Yet, as CisMale Feminist, I find myself knotted up by the juxtaposition in the picture, as I try to understand what I consider to be ideologically reactionary, not revolutionary (Trump's program is a program of reaction) and thus, the agency is reactionary.  That much I am certain,


The knot is this:
  1.  If the agency is reactionary, is it still feminist, or can be understood in feminist terms?
  2. Given that it is reactionary, is agency still possible for women?
  3. If agency is circumscribed by ideology, to what degree am I participating in the patriarchy by questioning these women's agency?

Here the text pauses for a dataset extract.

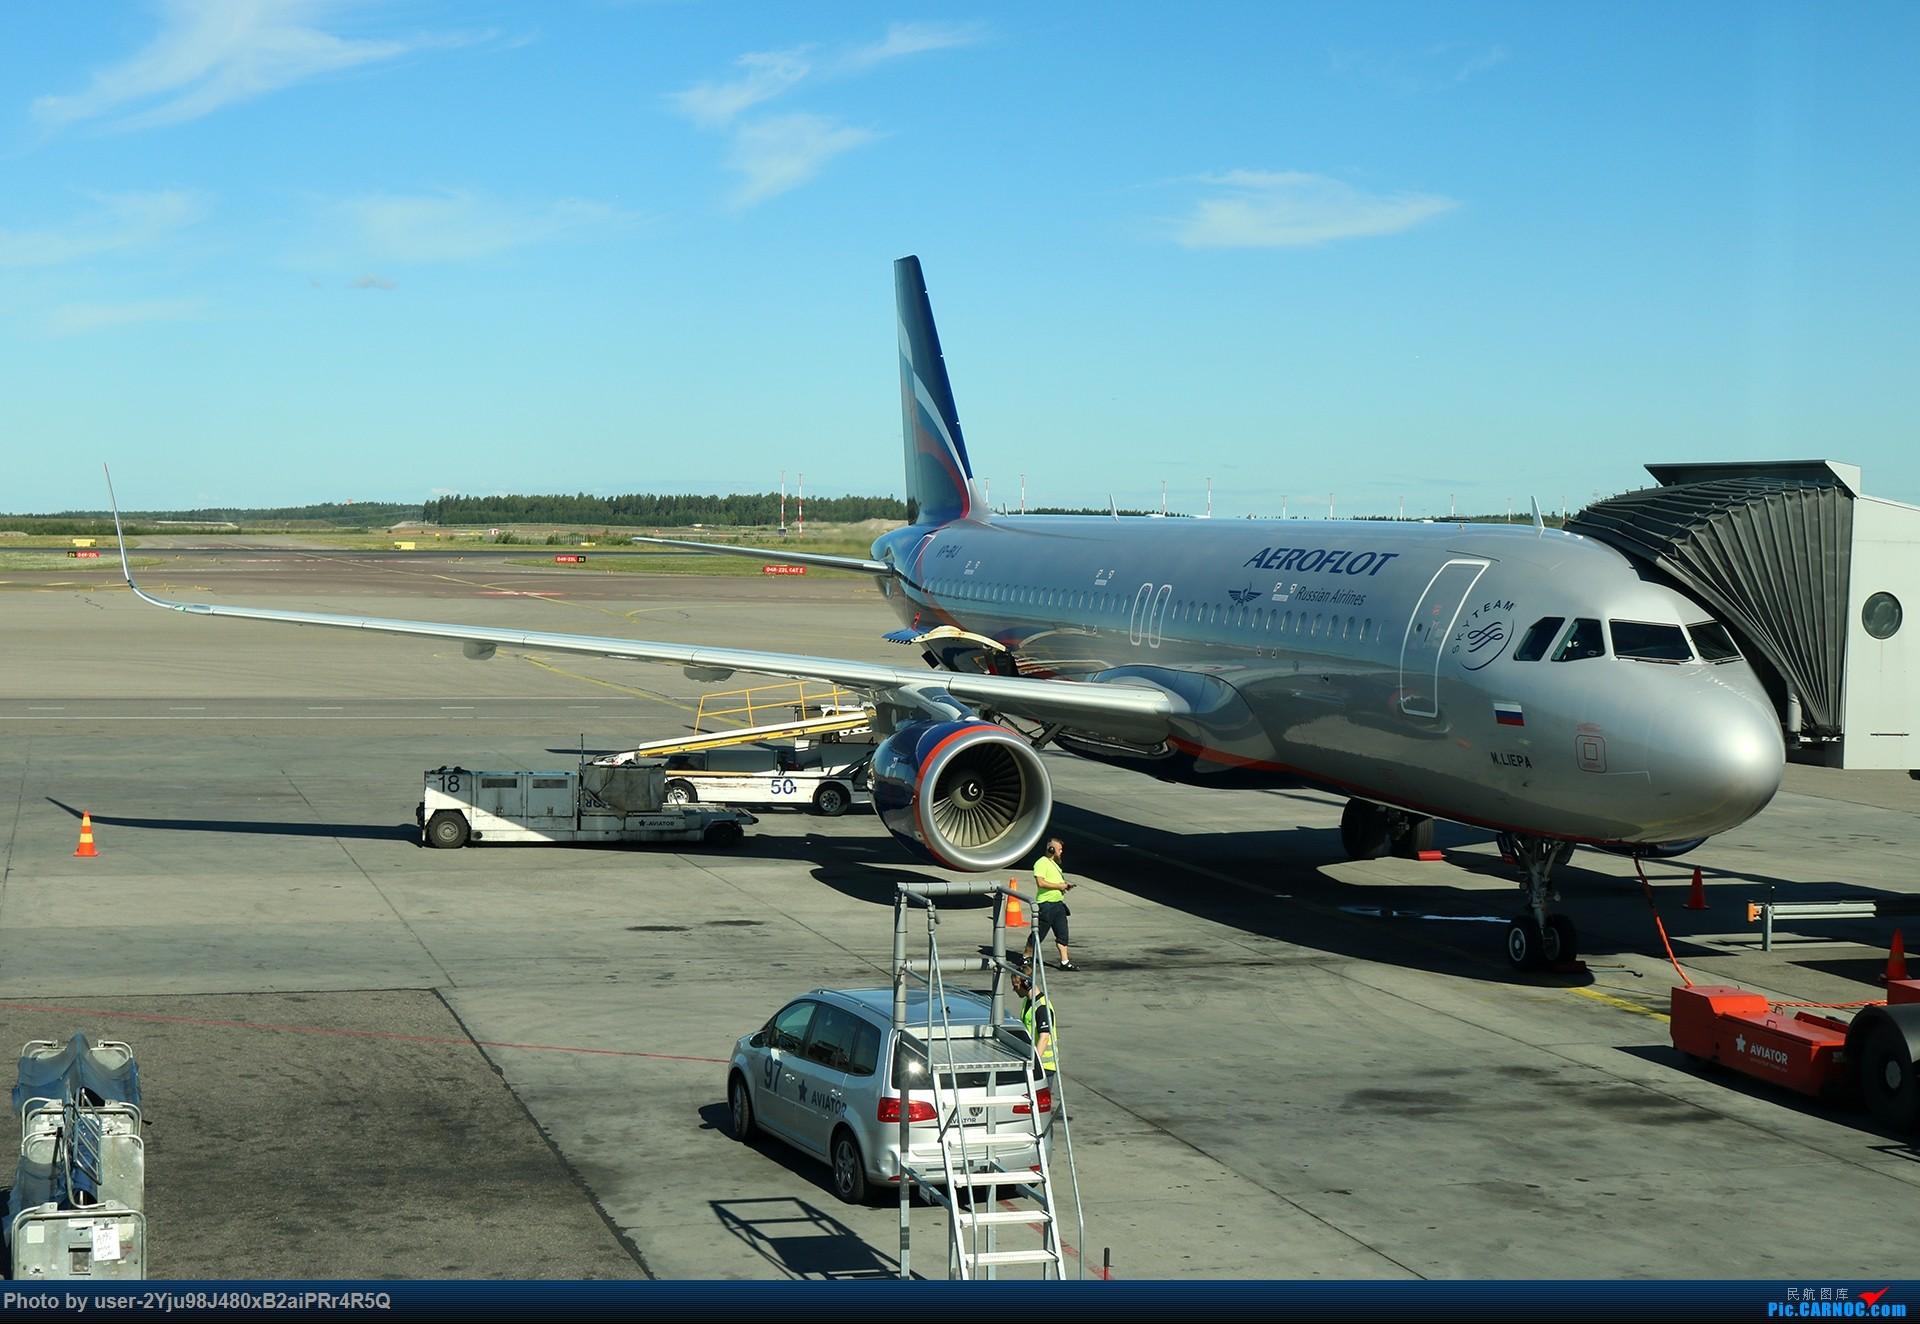 Re:[原创]LIULIU|一天两种机型三个国家四段航线五座城市的回家之路|西伯利亚上空的星光 AIRBUS A320-214(SL) VP-BIJ 芬兰赫尔辛基-万塔机场
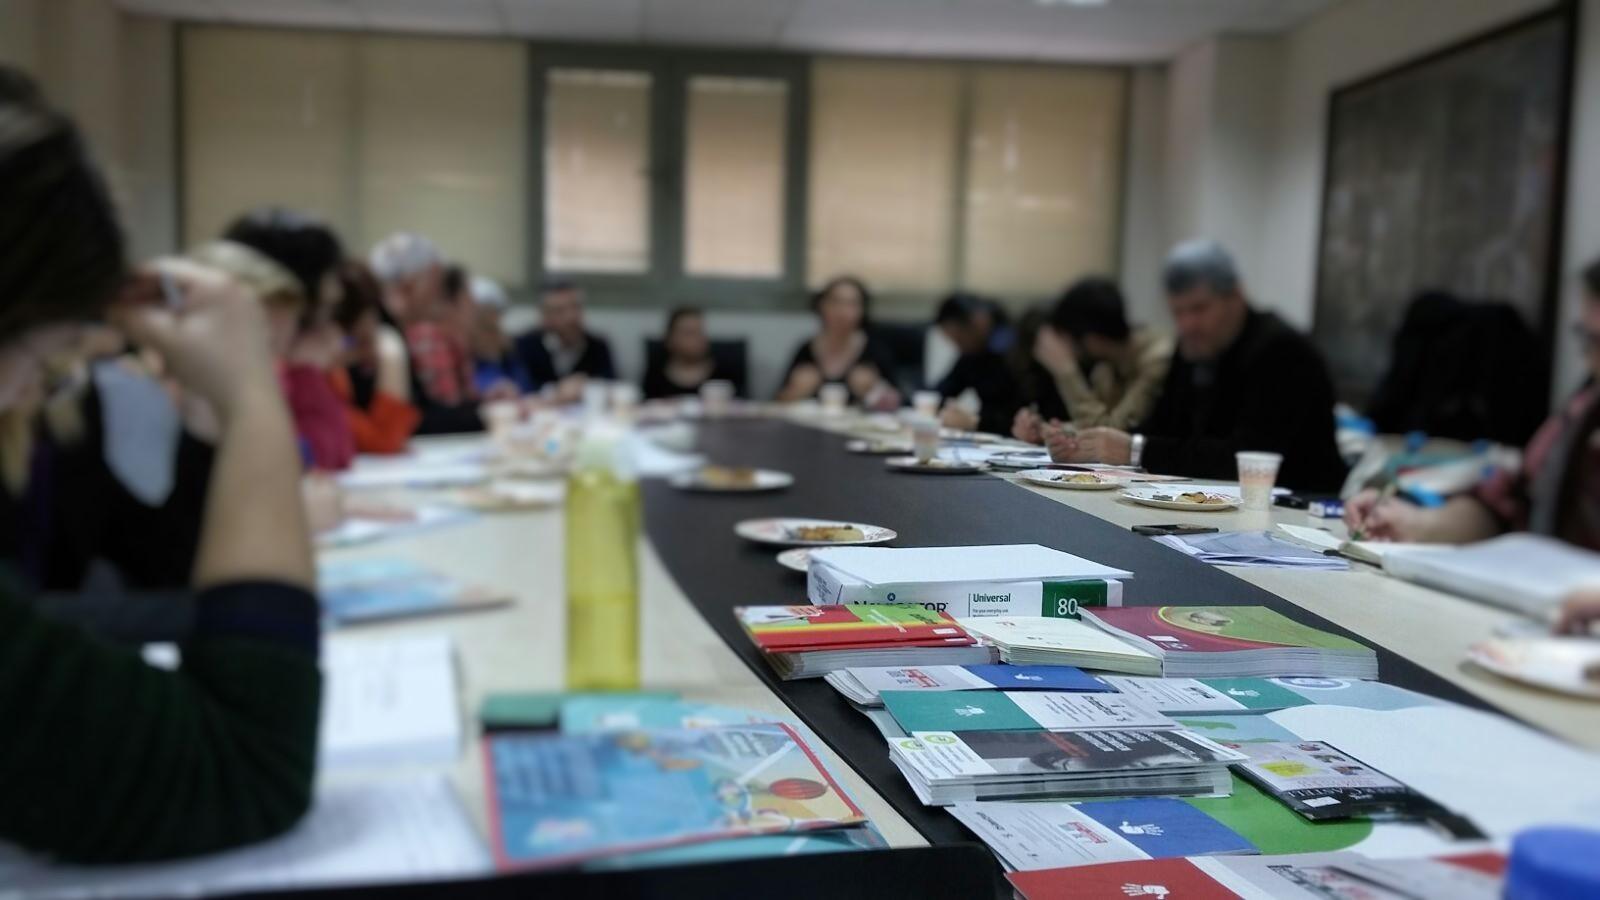 Ege Bölgesi 1inci Bölgesel Çalıştay Raporu

Because I vehemently disagree with these women politically and ideologically, I could easily and self-satisfyingly drop Stockholm syndrome here, and say that the Patriarchy has warped their minds, that their politics or ideology make it possible to square the dissonance of being women supporting chauvinist troglodyte like Trump (and the less obvious, but not less troglodytic Pence), but am I the troglodyte, too, for assuming these womens' agency is that of ideological automatons, rather than a considered set of material and social concerns?    And just because it is reactionary, and reactionaries tend to limit agency to the few who tend to be white and male, agency, however self nullifying, is still agency--these women choose this and act for it?   Finally, because reactionaries are anti-feminist, for the most part, is that vocabulary even appropriate?